What this project actually shows
It's small data — 100k orders fits in a laptop's memory — so the engineering on display isn't performance at scale. What it shows is the shape of warehouse work:
- Source modeling. Each of the 9 raw tables becomes a staging view that renames, casts, and applies dedup logic where the source has it (reviews are 1-many per order in the raw; staging collapses to the latest).
- Conformance. dim_geography is shared by customer and seller; dim_date is role-played 3× on fact_orders. These choices keep the schema readable and the join story honest.
- SCD2 done correctly. dim_customer keys on a surrogate built from (customer_unique_id, valid_from). Fact rows join through the version that was current at order_purchase_timestamp. Customers who moved between orders produce multiple dim rows; orders correctly attribute to the city they were in at the time.
- dbt discipline. schema.yml with column tests (unique, not_null, accepted_values, relationships), source freshness checks, a packages.yml with versioned dbt_utils. The tests run on every build; a regression in the upstream CSV would fail the build before it landed in the marts.

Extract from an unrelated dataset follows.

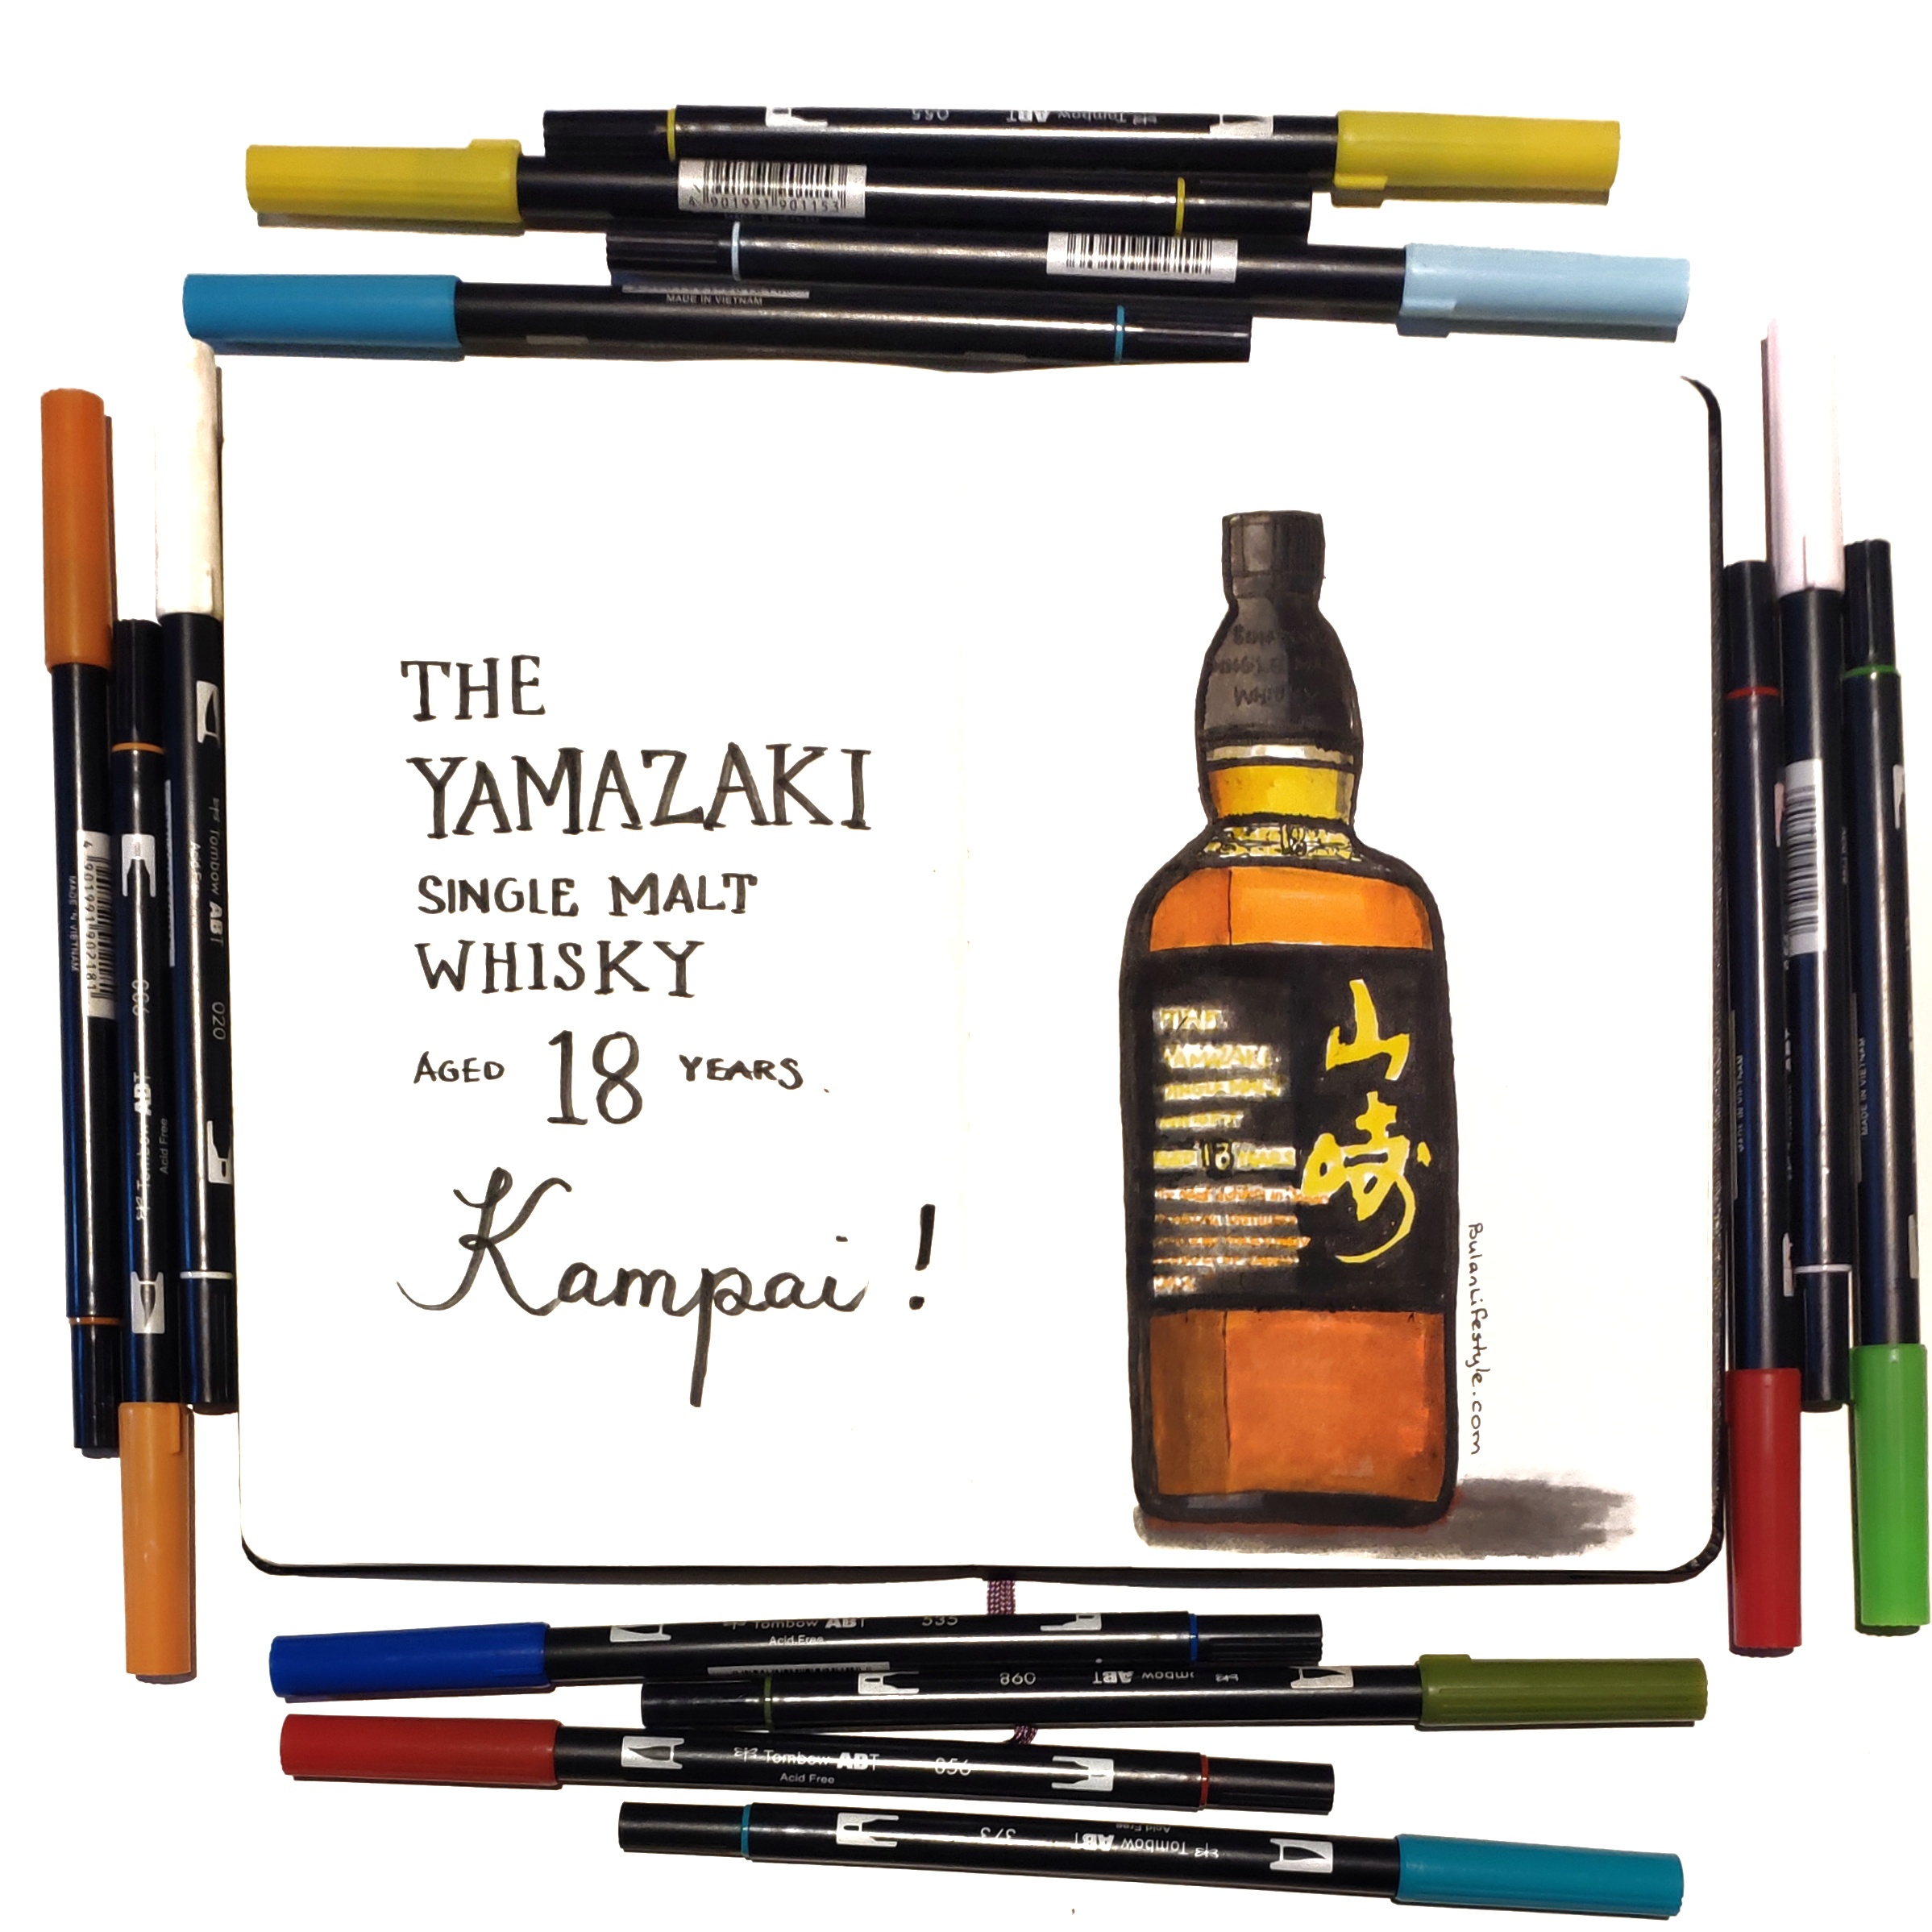 Yamazaki single malt whisky

- Snowflake patterns that matter. Cluster key on fact_orders.purchase_date_key (the dimension every dashboard filters by first), QUALIFY for top-N-per-group (clean), mode() for a categorical aggregation in dim_geography, role-based access with a WAREHOUSE_DEV role that has CREATE on the schemas but no ACCOUNTADMIN.
Stack
| Layer | Tool | |---|---| | Source | Kaggle Olist CSVs (real, public) | | Warehouse | Snowflake Standard (trial — $400 credit lasts months at this scale) | | Ingest | Snowflake CLI + Python connector (PUT + COPY INTO) | | Transform | dbt Core with dbt_utils | | Tests | dbt schema tests + source freshness | | Presentation | Hand-coded SVG charts on this page (no third-party iframe) |
Where this goes next
The honest follow-ups, in priority order:
- Incremental materialisation on fact_orders. At 112k rows the full rebuild is sub-second; at 10M it wouldn't be. Strategy: unique_key = (order_id, order_item_id), partition on purchased_at, rebuild only the trailing 90 days.

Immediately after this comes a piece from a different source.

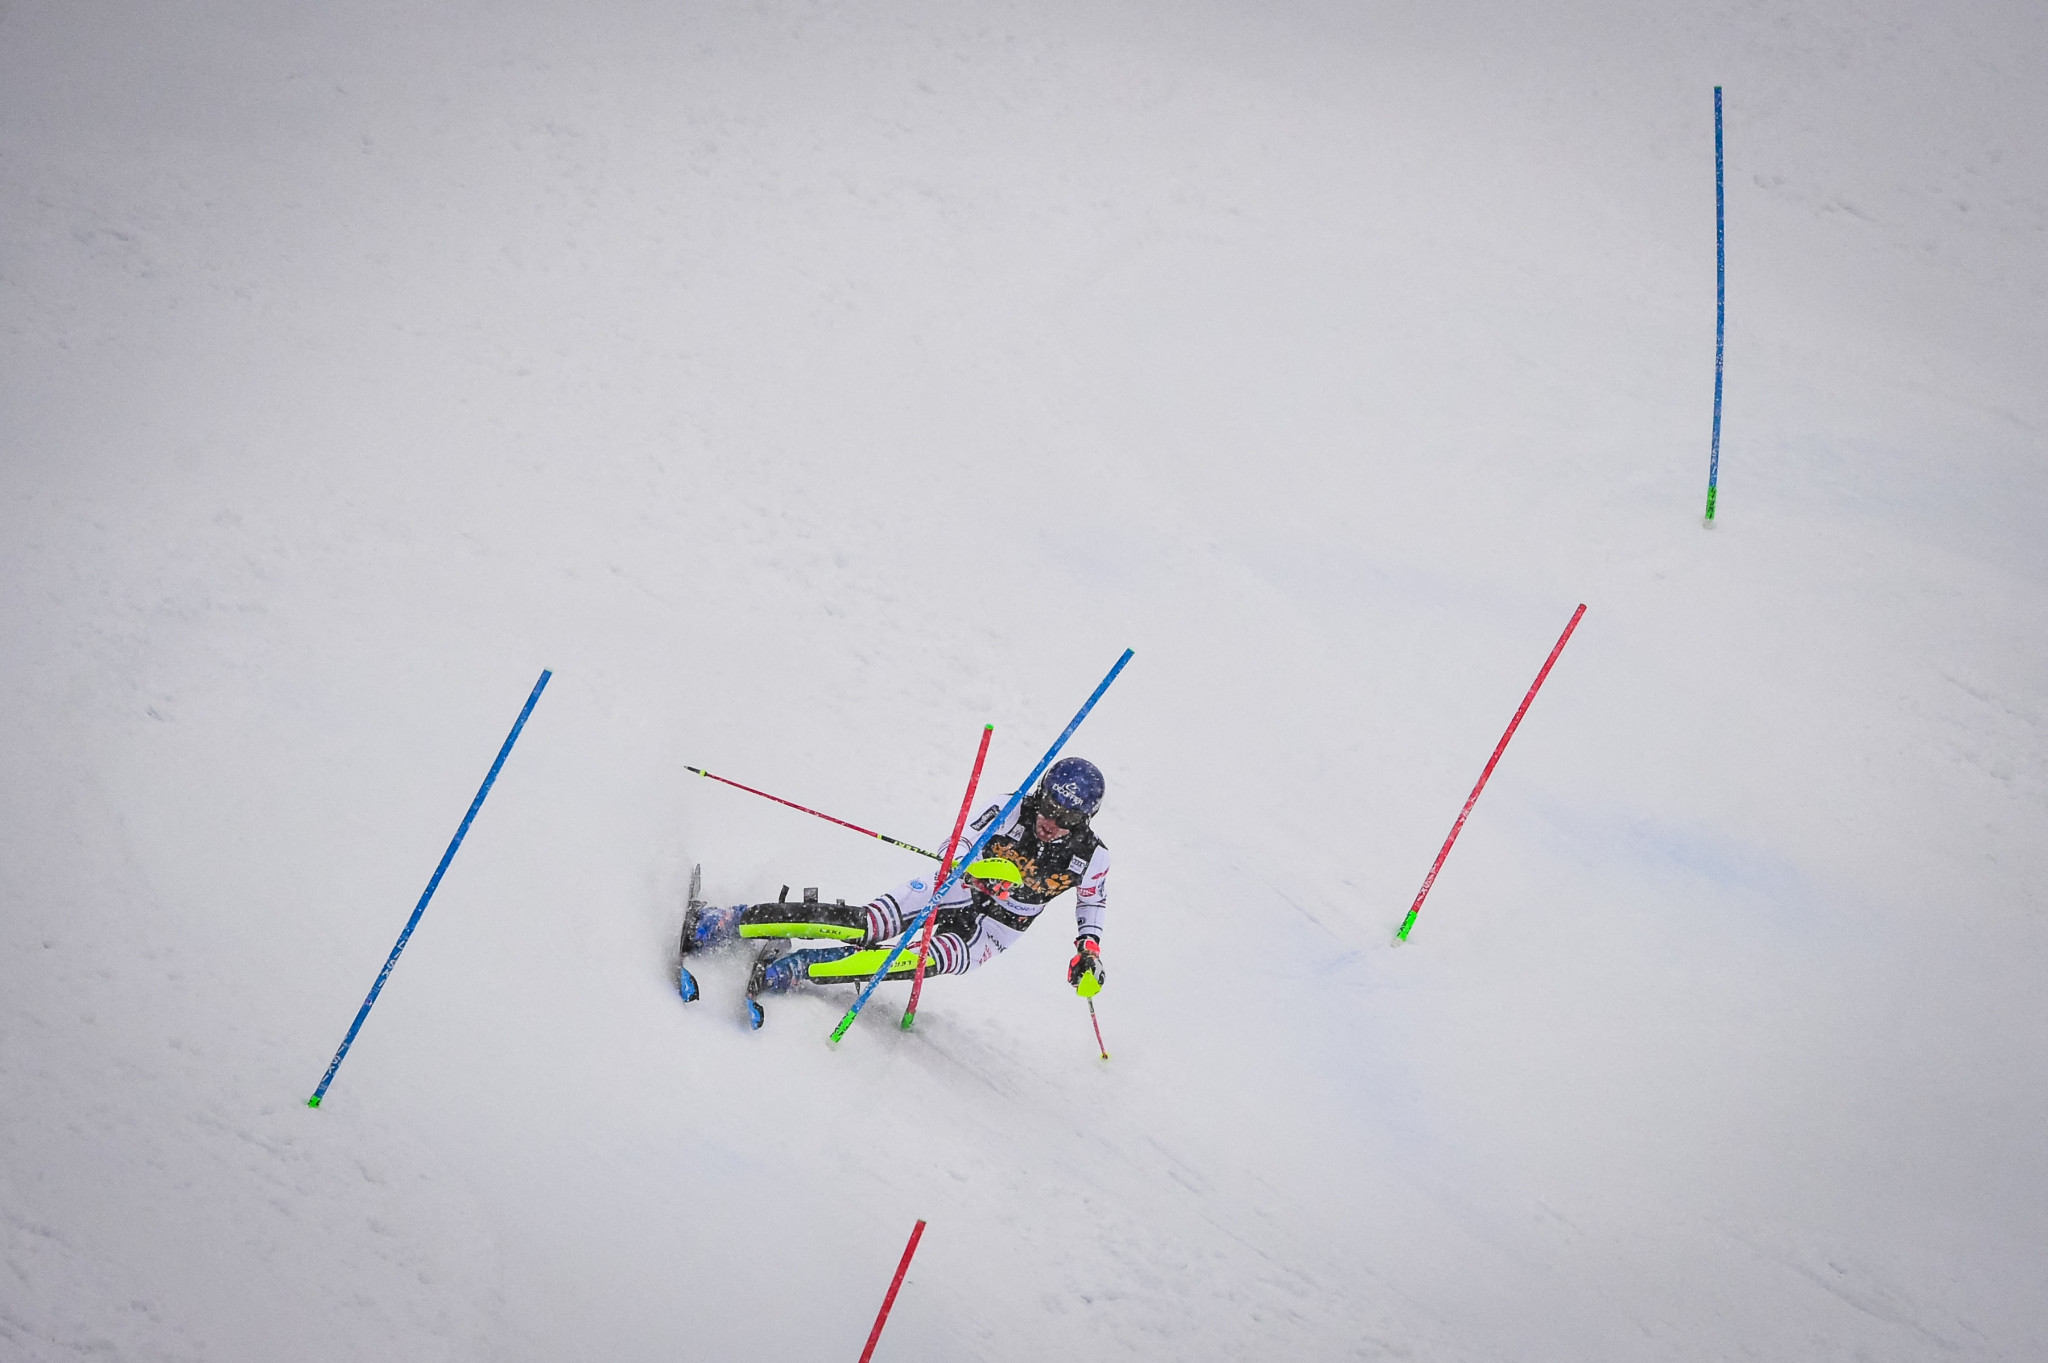 Noël triumphs in men's slalom at FIS Alpine Ski World Cup in Kranjska Gora

- An accumulating_snapshot for the order lifecycle. Right now the lifecycle (purchase → approve → ship → deliver → review) is burned into columns on fact_orders. An accumulating snapshot would surface the per-stage latency story directly.
- A fact_review at the comment grain. Currently reviews are denormalized onto fact_orders. If the analysis turned toward review-text mining (sentiment, topic clustering), that grain change becomes load-bearing.
The repo lives at github.com/nathanaelhub/olist-warehouse. All the SQL, DDL, dbt models, and the three highlight queries are there; the README walks through standing up the trial account and running the loads.